« Rapidement ? dit Barbebois. Houm ! Oui, c’est vrai. Plus rapidement que je ne l’aurais cru. En fait, je ne les ai pas vus aussi éveillés depuis bien des lustres. Nous les Ents, nous n’aimons pas être secoués ; et nous ne nous secouons jamais, sauf s’il devient évident que nos arbres et nos vies courent un grave danger. Dans cette Forêt, ça n’est pas arrivé depuis les guerres entre Sauron et les Hommes de la Mer. C’est l’ouvrage des Orques, le massacre gratuit de nos arbres –
« Allez-vous réellement briser les portes d’Isengard ? » demanda Merry.
« Ho, hm, eh bien, nous en serions capables, vous savez ! Vous ne comprenez peut-être pas à quel point nous sommes forts. Peut-être avez-vous entendu parler des Trolls ? Ils sont terriblement forts. Mais les Trolls ne sont que des contrefaçons faites par l’Ennemi durant la Grande Obscurité, une parodie des Ents, comme les Orques étaient une parodie des Elfes. Nous sommes plus forts que les Trolls. Nous venons des os de la terre. Comme les racines des arbres, nous pouvons fendre la pierre, mais plus rapidement, bien plus rapidement, quand notre esprit s’échauffe ! Si nous ne sommes pas abattus, détruits par le feu ou soufflés par quelque sorcellerie, nous pouvons faire voler Isengard en éclats et réduire ses murailles en miettes. »
« Mais Saruman tentera de vous arrêter, non ? »
« Hm, euh, oui, c’est exact. Je ne l’ai pas oublié. En fait, j’y ai longuement réfléchi. Mais voyez-vous, une grande partie des Ents sont plus jeunes que moi, de bien des générations d’arbres. Ils sont tous réveillés, à présent, et leur esprit n’est voué qu’à une chose : briser Isengard. Mais ils se remettront à réfléchir bien assez vite ; ils se refroidiront un peu quand nous prendrons notre boisson du soir. Quelle soif nous aurons ! Mais qu’ils marchent, maintenant, qu’ils chantent ! Nous avons une longue route à faire, et il y aura encore le temps de réfléchir. C’est quelque chose que d’être partis. »
Barbebois poursuivit sa marche, chantant avec les autres un moment. Mais après quelque temps, sa voix se réduisit à un murmure et il retomba dans le silence. Pippin remarqua que son vieux front était plissé et noueux. Enfin, il releva la tête, et Pippin vit que ses yeux avaient un air triste, triste mais pas malheureux. Une lueur était en eux, comme si la flamme verte avait pénétré plus avant dans les sombres puits de sa pensée.
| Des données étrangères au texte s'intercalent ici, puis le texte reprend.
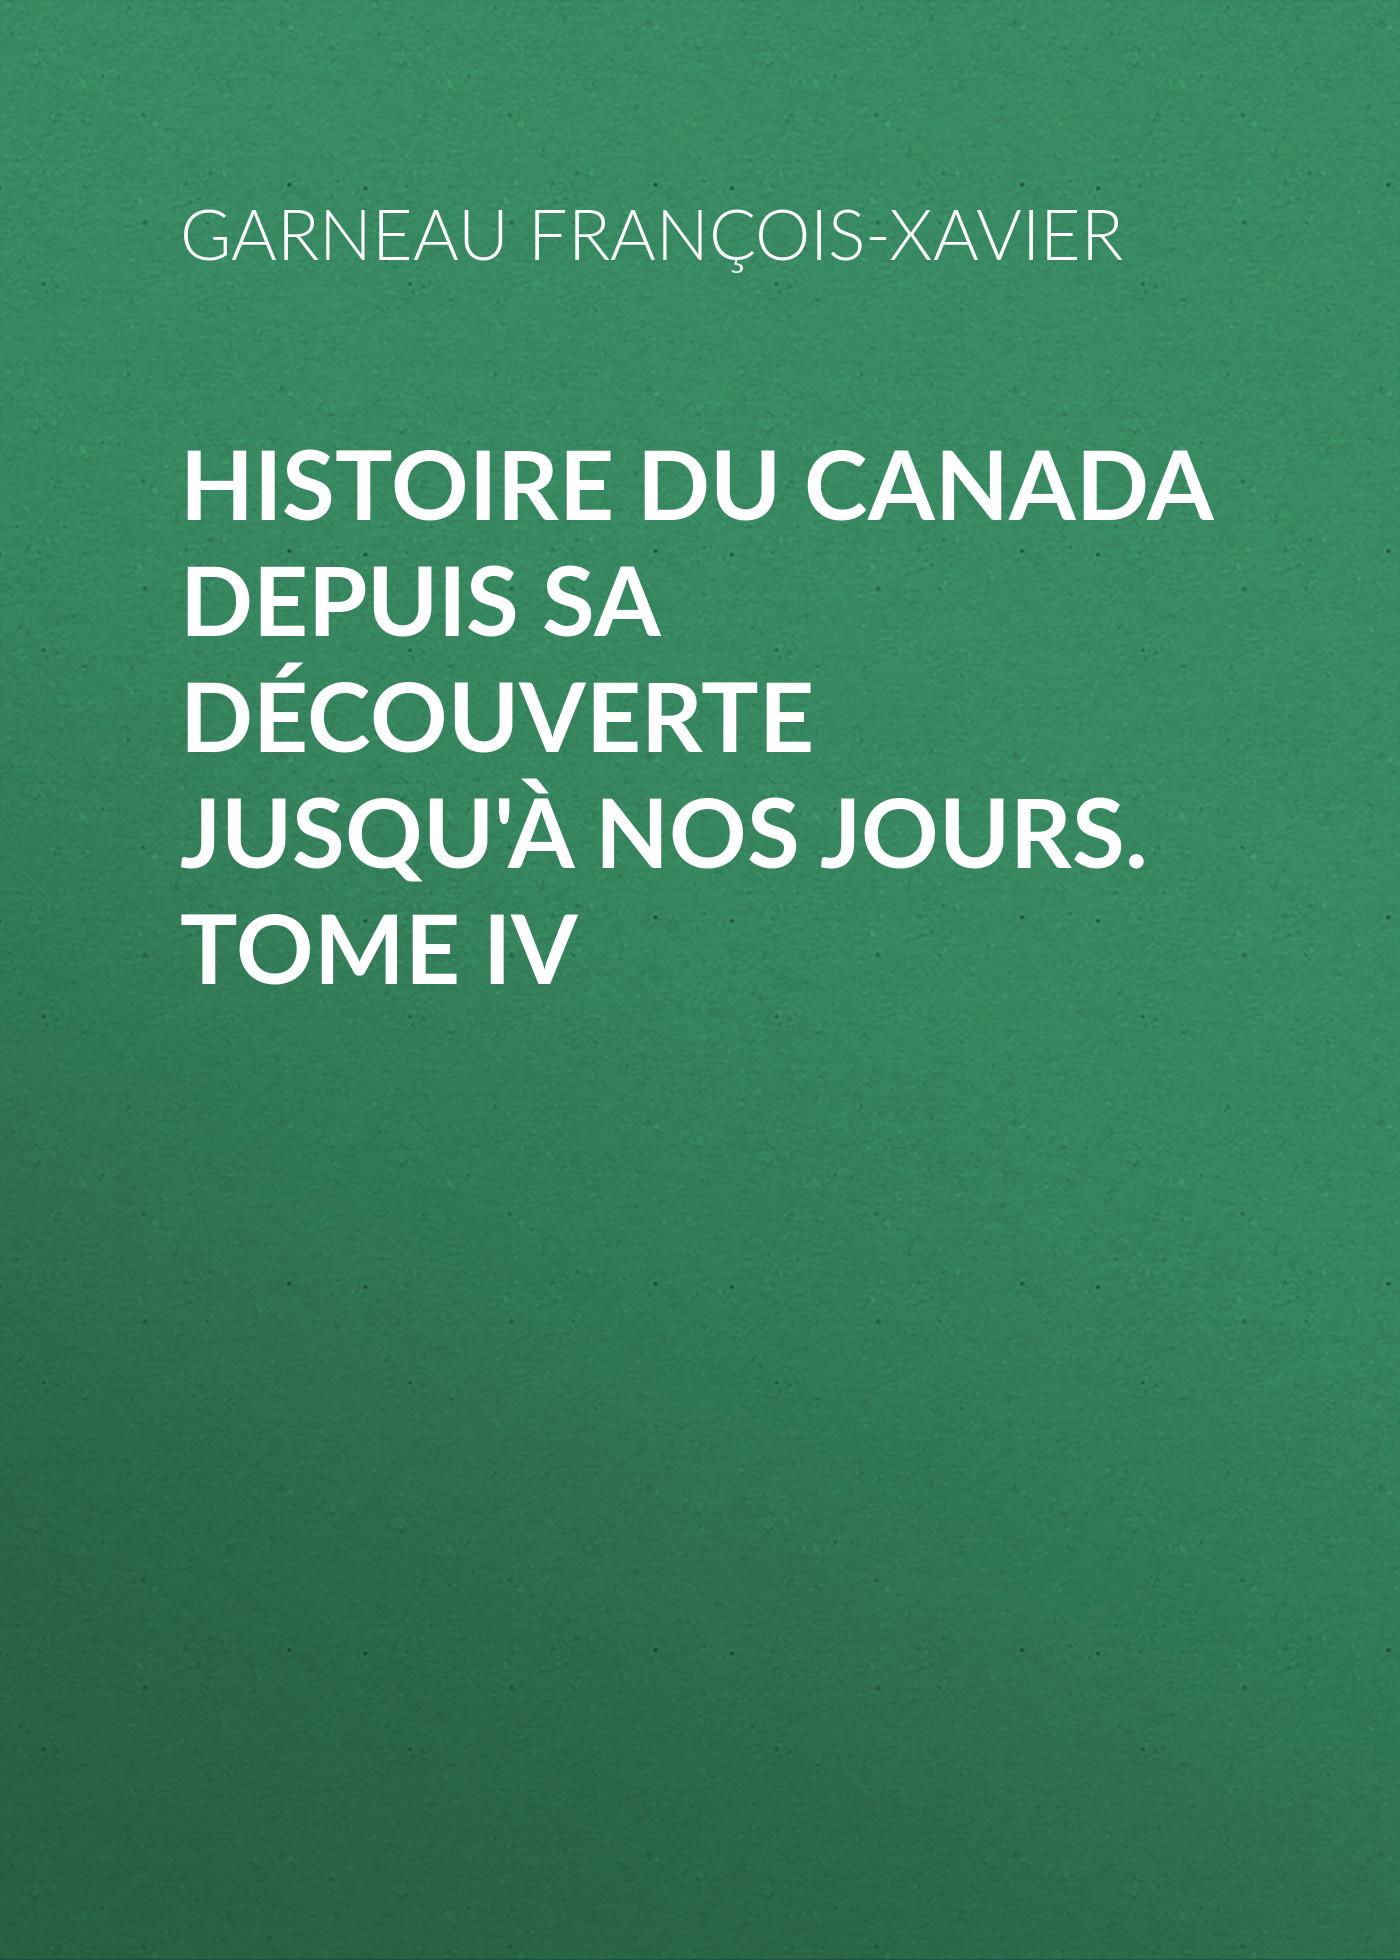 Garneau François-Xavier Histoire du Canada depuis sa découverte jusqu'à nos jours. Tome IV цена 2017

« Bien entendu, il est tout à fait probable, mes amis, dit-il lentement, tout à fait probable que nous courons vers notre perte : la dernière marche des Ents. Mais si nous restions chez nous à ne rien faire, notre perte viendrait tôt ou tard, de toute façon. Cette pensée a longuement mûri dans nos cœurs ; c’est pourquoi nous marchons aujourd’hui. Ce n’était pas une décision hâtive. Au moins, la dernière marche des Ents pourrait valoir une chanson. Oui, soupira-t-il, nous pourrions aider les autres peuples avant de disparaître. J’aurais tout de même voulu voir se réaliser les chansons sur les Ents-Femmes. J’aurais tant aimé revoir Fimbrethil. Mais voilà, mes amis : les chansons, tout comme les arbres, ne portent leurs fruits qu’au moment voulu et à leur manière ; et parfois, ils se gâtent prématurément. »
Les Ents continuaient d’avancer à vive allure. Ils étaient descendus dans un long repli des terres qui dévalaient vers le sud ; à présent, ils se mirent à grimper et grimper, jusqu’à la haute crête à l’ouest. Les bois laissèrent place à des bouleaux réunis en bosquets épars, puis à des pentes dénudées où ne poussaient que quelques pins décharnés. Le soleil sombra derrière le dos de la colline qu’ils étaient en train d’escalader, faisant place à un crépuscule gris.